Example of the SQL connection:
<connection alias="test oracle"> <driver>oracle.jdbc.driver.OracleDriver </driver> <url>jdbc:oracle:thin:@localhost:1521:orcl1</url> <userid>user</userid> <password>password</password> </connection>
If url points to the file or folder in the file system system variables can be used as a part of the url.
Non SQL Connections
Non SQL connection are used to read data from and create file-based data sources such as XML, JSON, Excel, etc. Url is a required node, everything else is optional. Use params node to define connection parameters such as delimited for text files, worksheet for excel, etc. Use ";" to separate properties.

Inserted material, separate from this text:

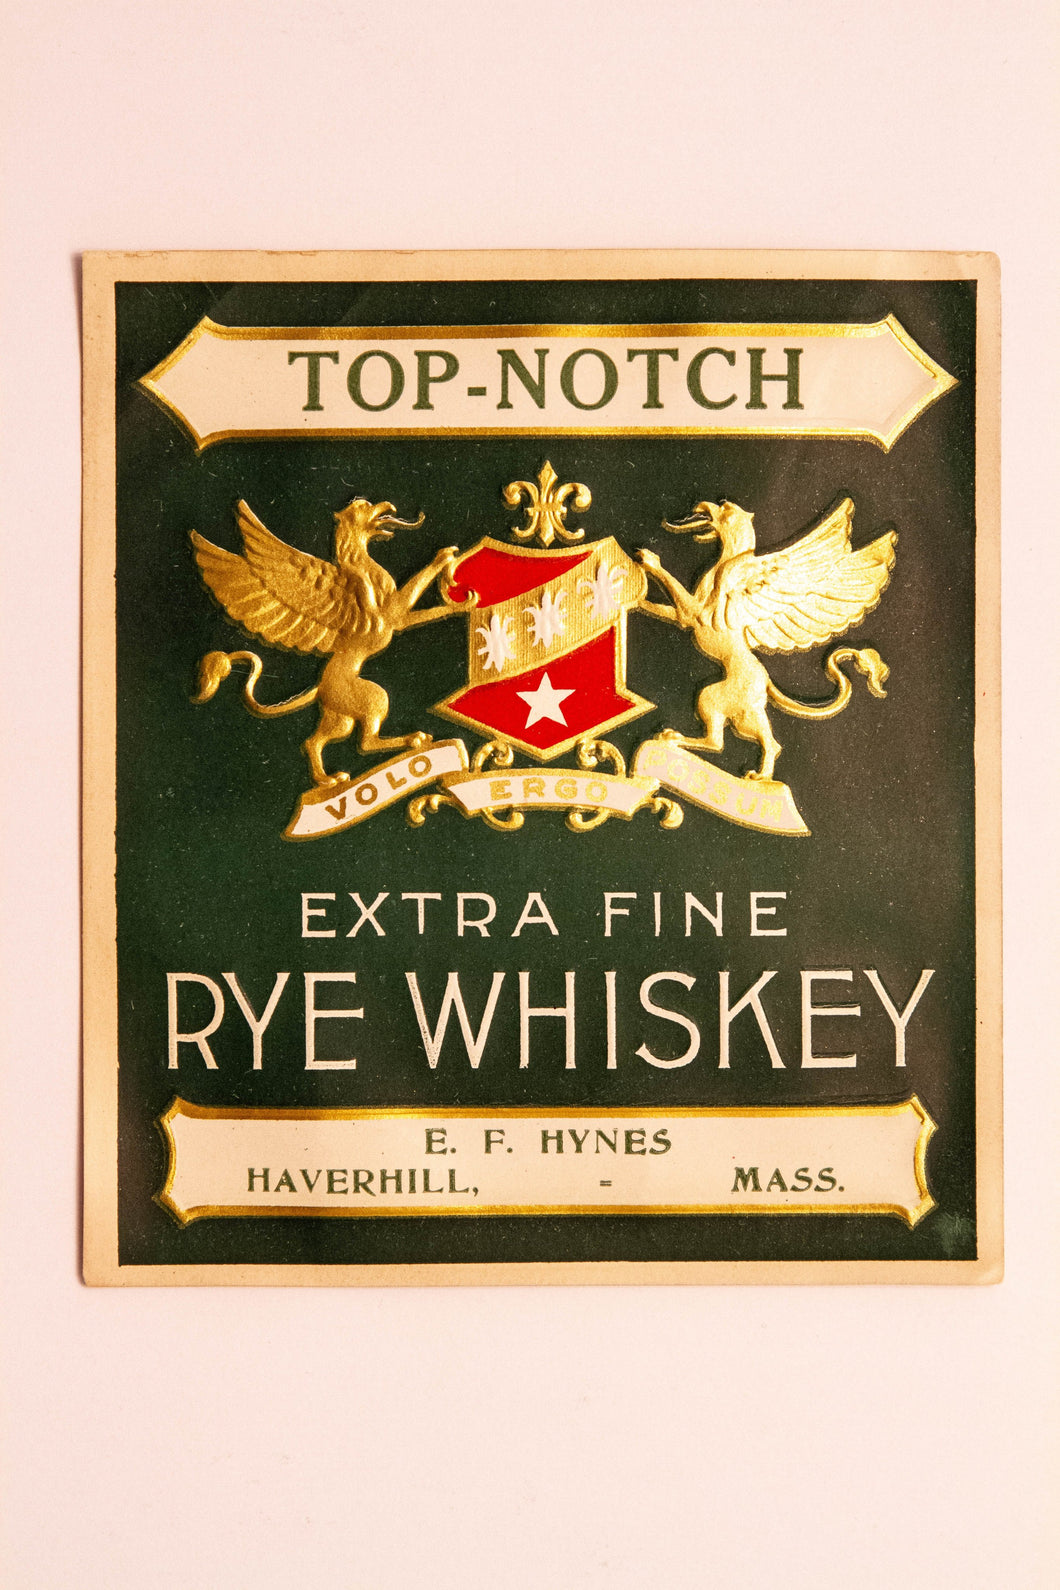 Old Vintage, TOP-NOTCH Extra Fine RYE WHISKEY Label, Hynes, Alcohol - TheBoxSF

Example of the Non SQL connection:
<connection alias="test excel"> <url>{app.data}/test.xls</url> <connector> com.toolsverse.etl.connector.excel.ExcelConnector</connector> <params>sheetname=Employee;date=MMddyy;datetime=MMddyyyy;time=HH:mm</params> </connection>
Common properties for all file-based connections:
Property | Description | Example | Default |
---|---|---|---|
date | Date format | date=MMddyyyy | MM/dd/yyyy |
datetime | Date+time format | datetime=MM/dd/yyyy HH:mm | MM/dd/yyyy HH:mm |
time | Time format | time=HH:mm:ss | HH:mm |
encoding | Character encoding | encoding=utf-8 | System default for everything, utf-8 for XML |
encode | Encode additional dimension | encode=true | flase |
Excel properties:
Property | Description | Example | Default |
---|---|---|---|
sheetname | Worksheet name | sheetname=Test | None |
Toolsverse XML dataset properties:
Property | Description | Example | Default |
---|---|---|---|
xsl | Name of the xlst file | xsl={app.root.data}/schema/webrowset2dataset.xsl |
None |
xslfrom | Name of the xlst file used to transform from other XML format to XML dataset | xslfrom={app.root.data}/schema/dataset2webrowset.xsl |
None |
xslto | Name of the xlst file used to transform to other XML format from XML dataset | xslfrom={app.root.data}/schema/webrowset2dataset.xsl |
None |
Delimited text file properties:
Property | Description | Example | Default |
---|---|---|---|
delimiter | The field delimiter | delimiter=';' |
' |
firstrow | Use first row for data | firstrow=false |
False |
metadata | Store metadata in XML dataset format | metadata=false |
False |
charseparator | The character used to enclose string values into | charseparator='"' | None |
lineseparator | The separator between lines | lineseparator=w.
Possible values: • s – os default • w – windows • u - unix|| s |